# What the exercise asks
Would you retype the whole listing exactly, leaving its pictures out?

# Supplied data

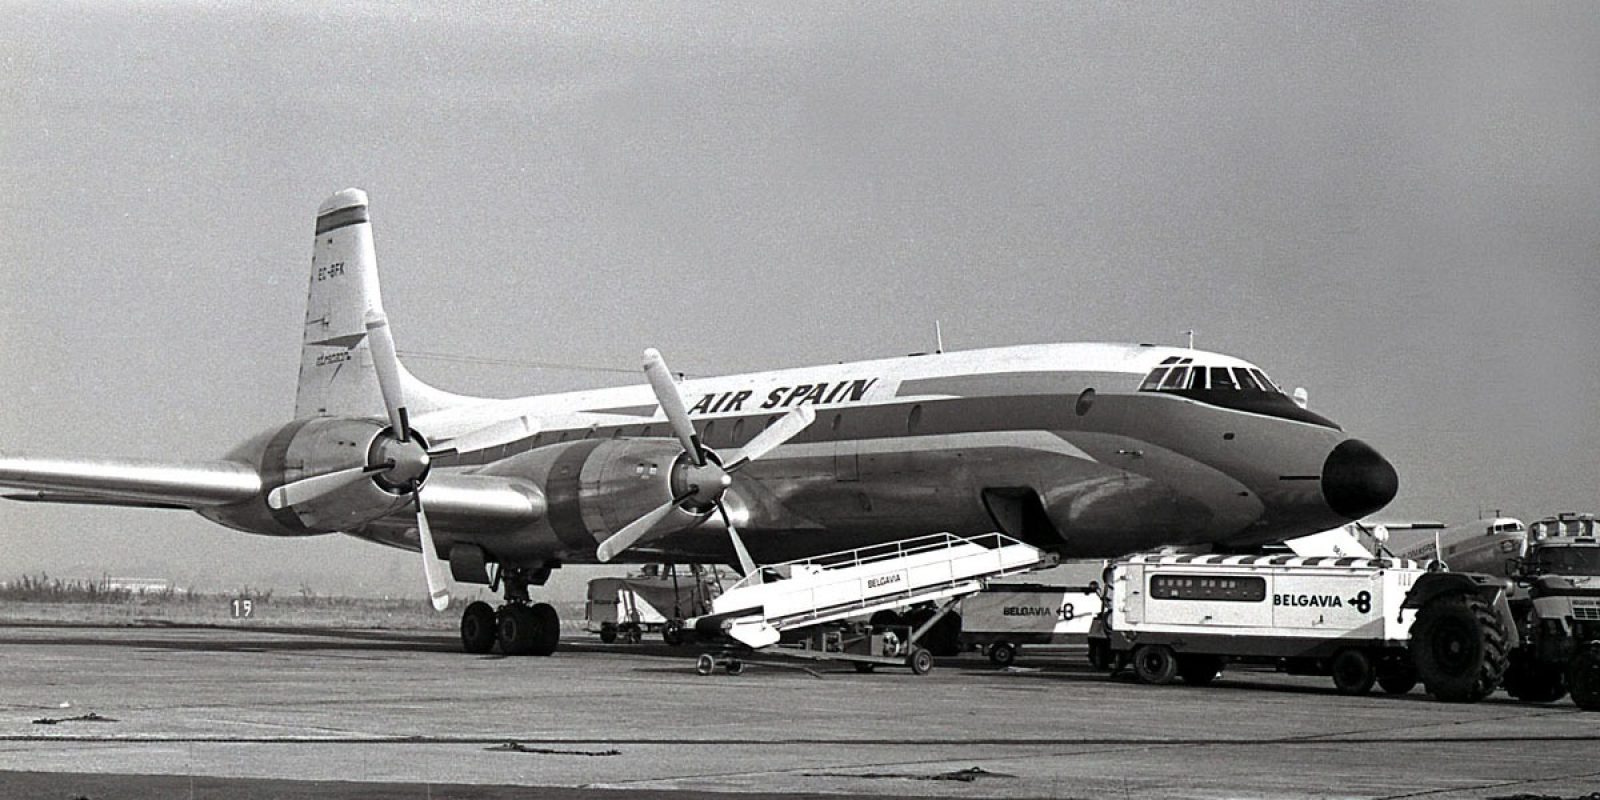 Le Bristol 175 Britannia d’Air Spain en cours de transbordement des bagages des passagers en 1969 à Zaventem; immatriculé EC-BFK en Espagne, ce fut l’avion du trajet aller à destination de Malaga en septembre 1969. (Photo Guy Viselé)
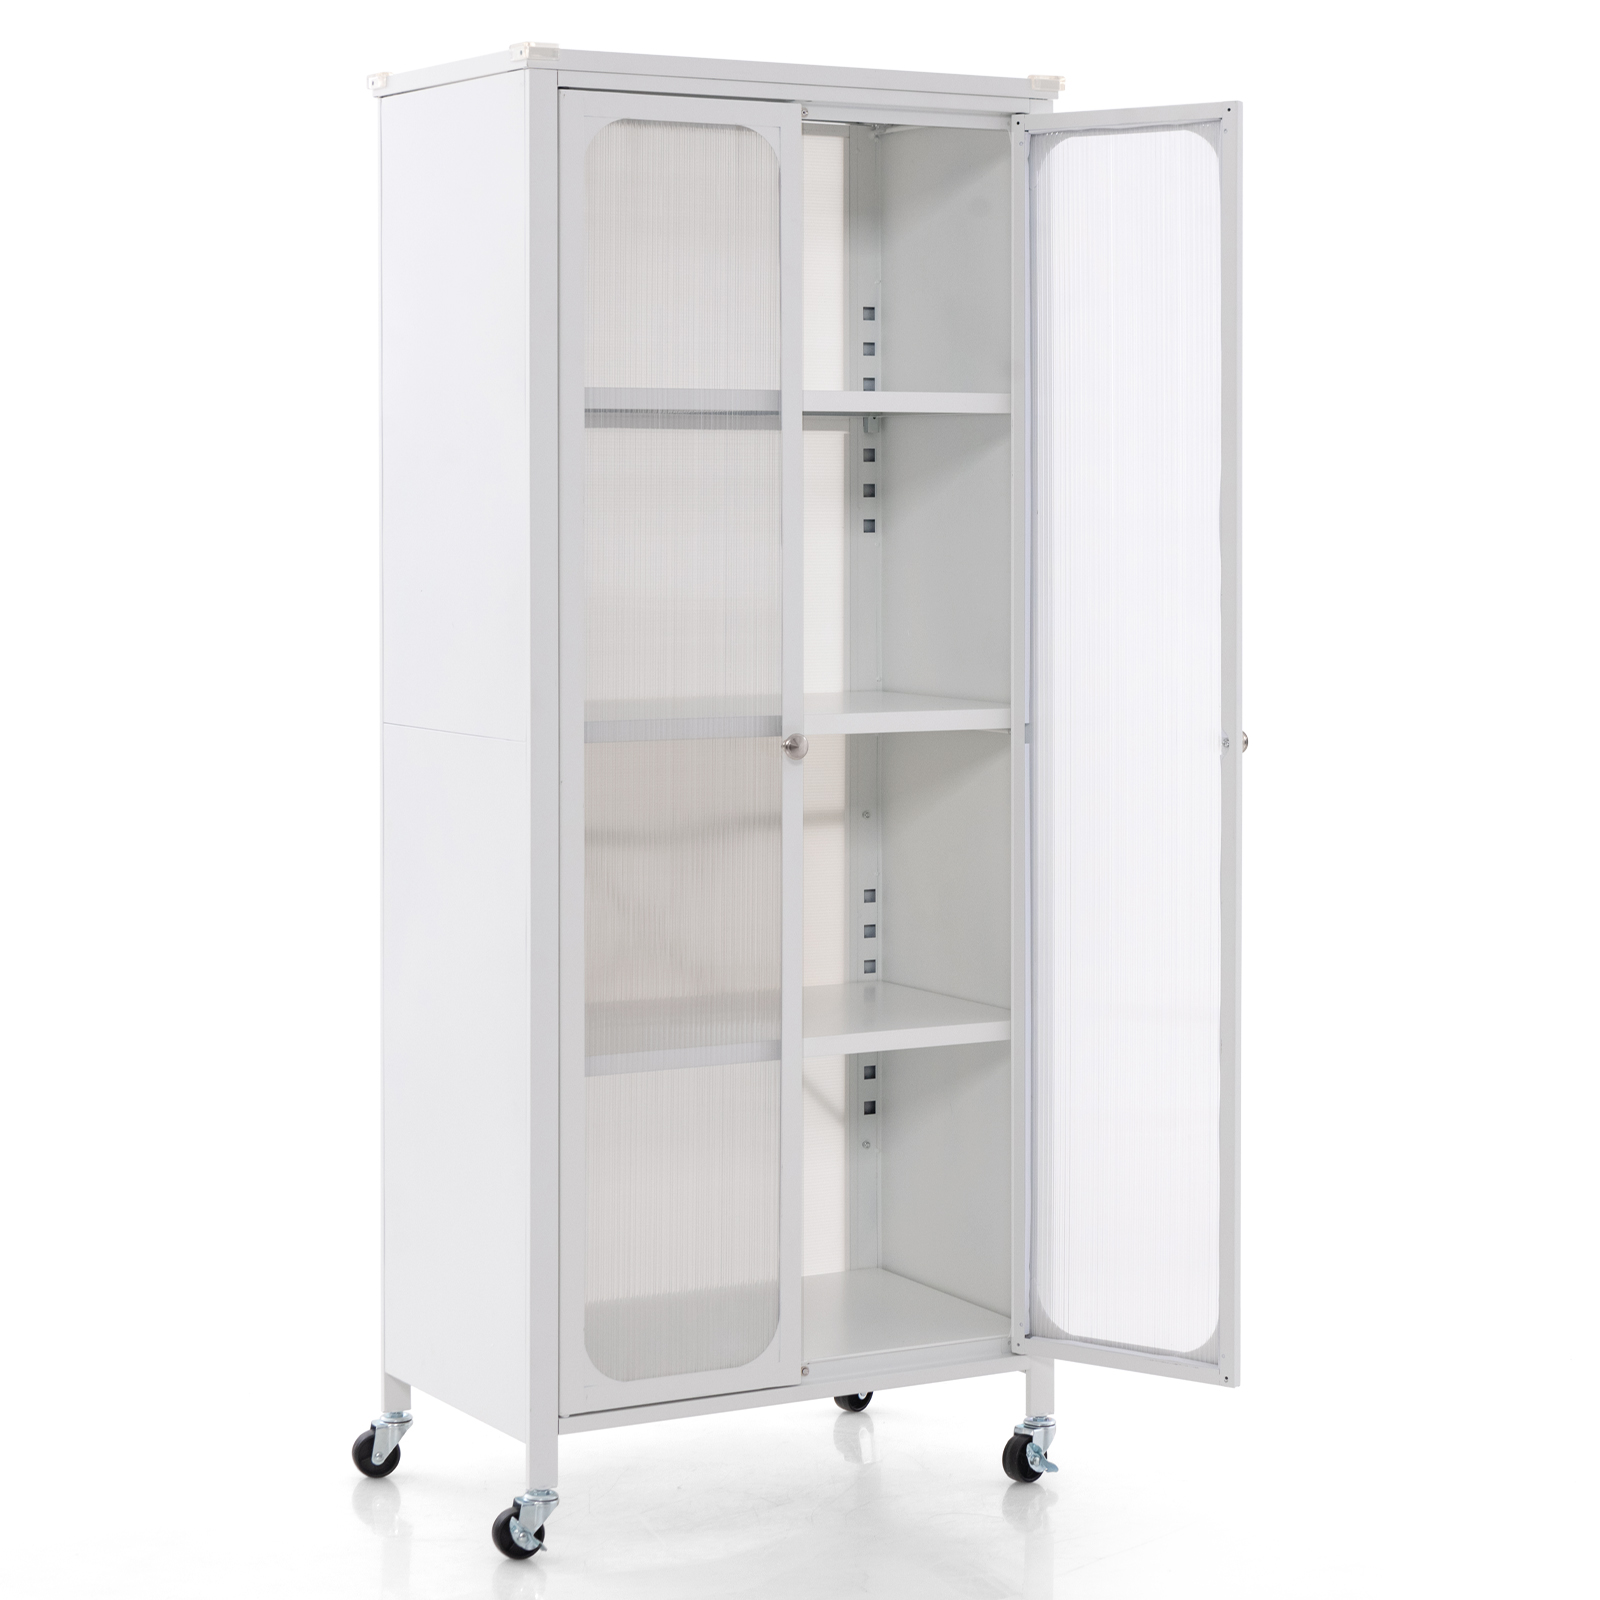 Mobile_2_Doors_Food_Pantry_Cupboard_Storage_Cabinet_with_Wheels-3.jpg
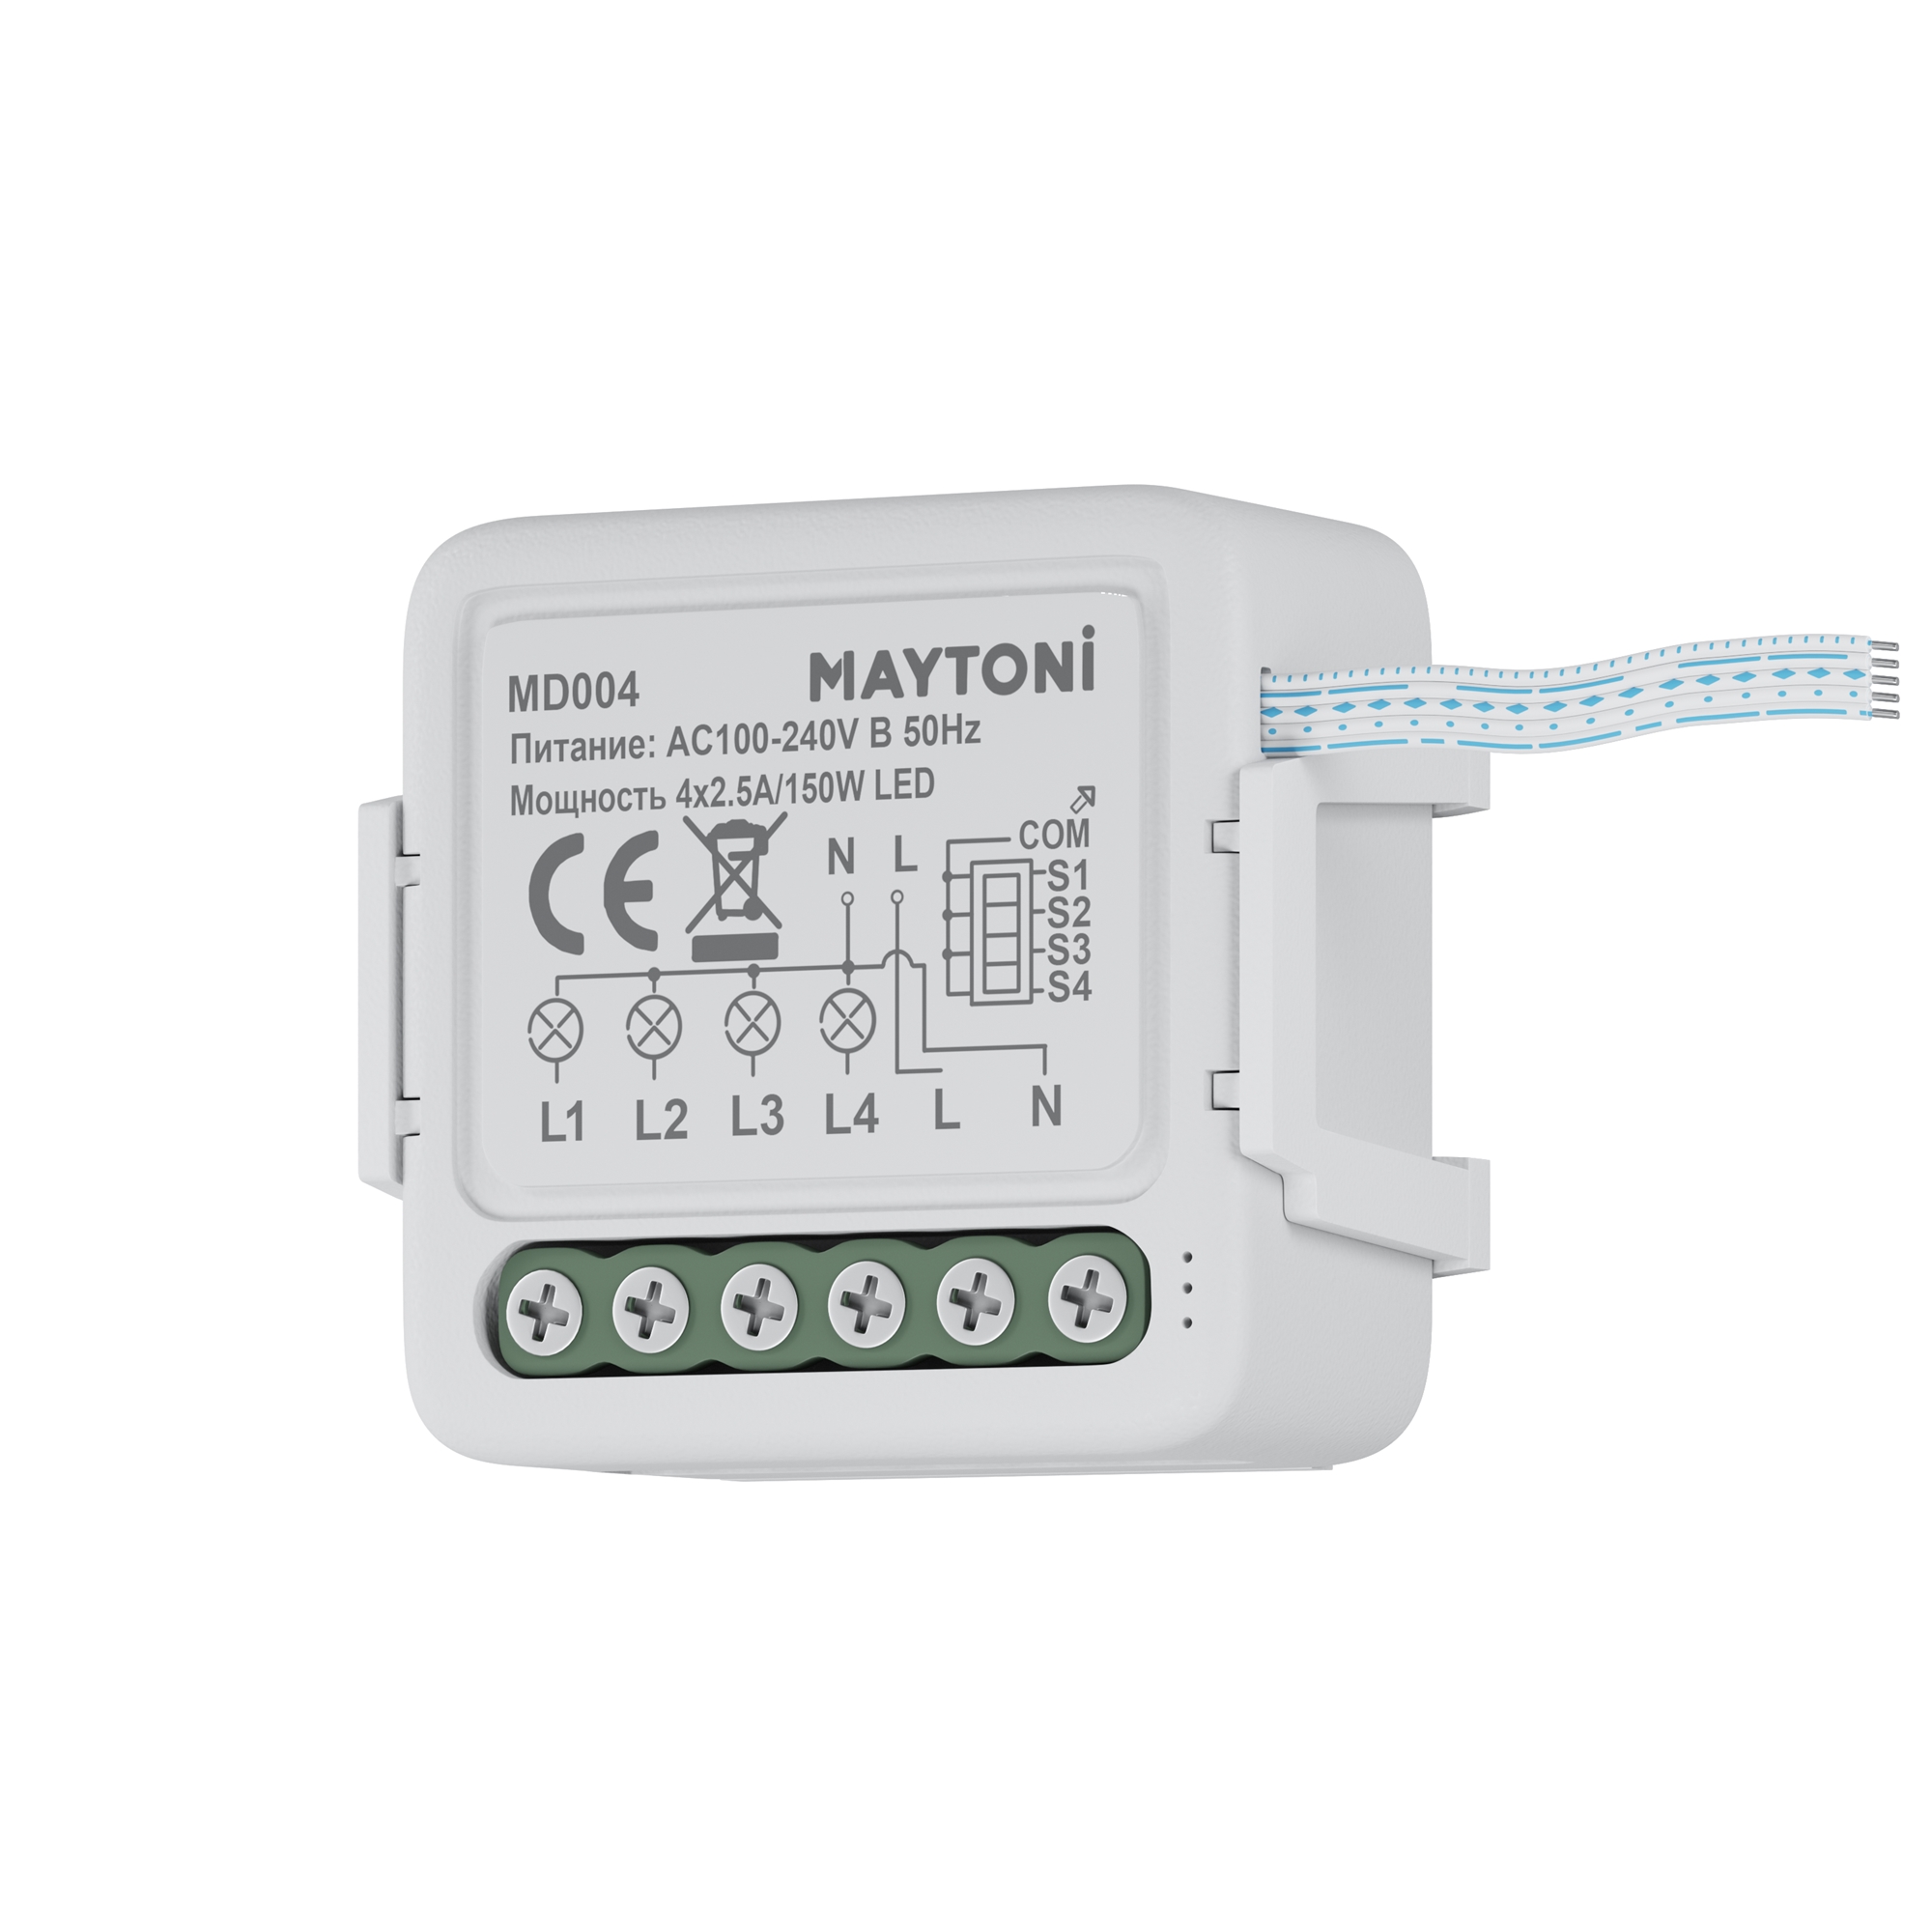 W-Fi   Smart home Maytoni MD004

# Response to this task
 Le Bristol 175 Britannia d’Air Spain en cours de transbordement des bagages des passagers en 1969 à Zaventem; immatriculé EC-BFK en Espagne, ce fut l’avion du trajet aller à destination de Malaga en septembre 1969. (Photo Guy Viselé)
 Mobile_2_Doors_Food_Pantry_Cupboard_Storage_Cabinet_with_Wheels-3.jpg
 W-Fi   Smart home Maytoni MD004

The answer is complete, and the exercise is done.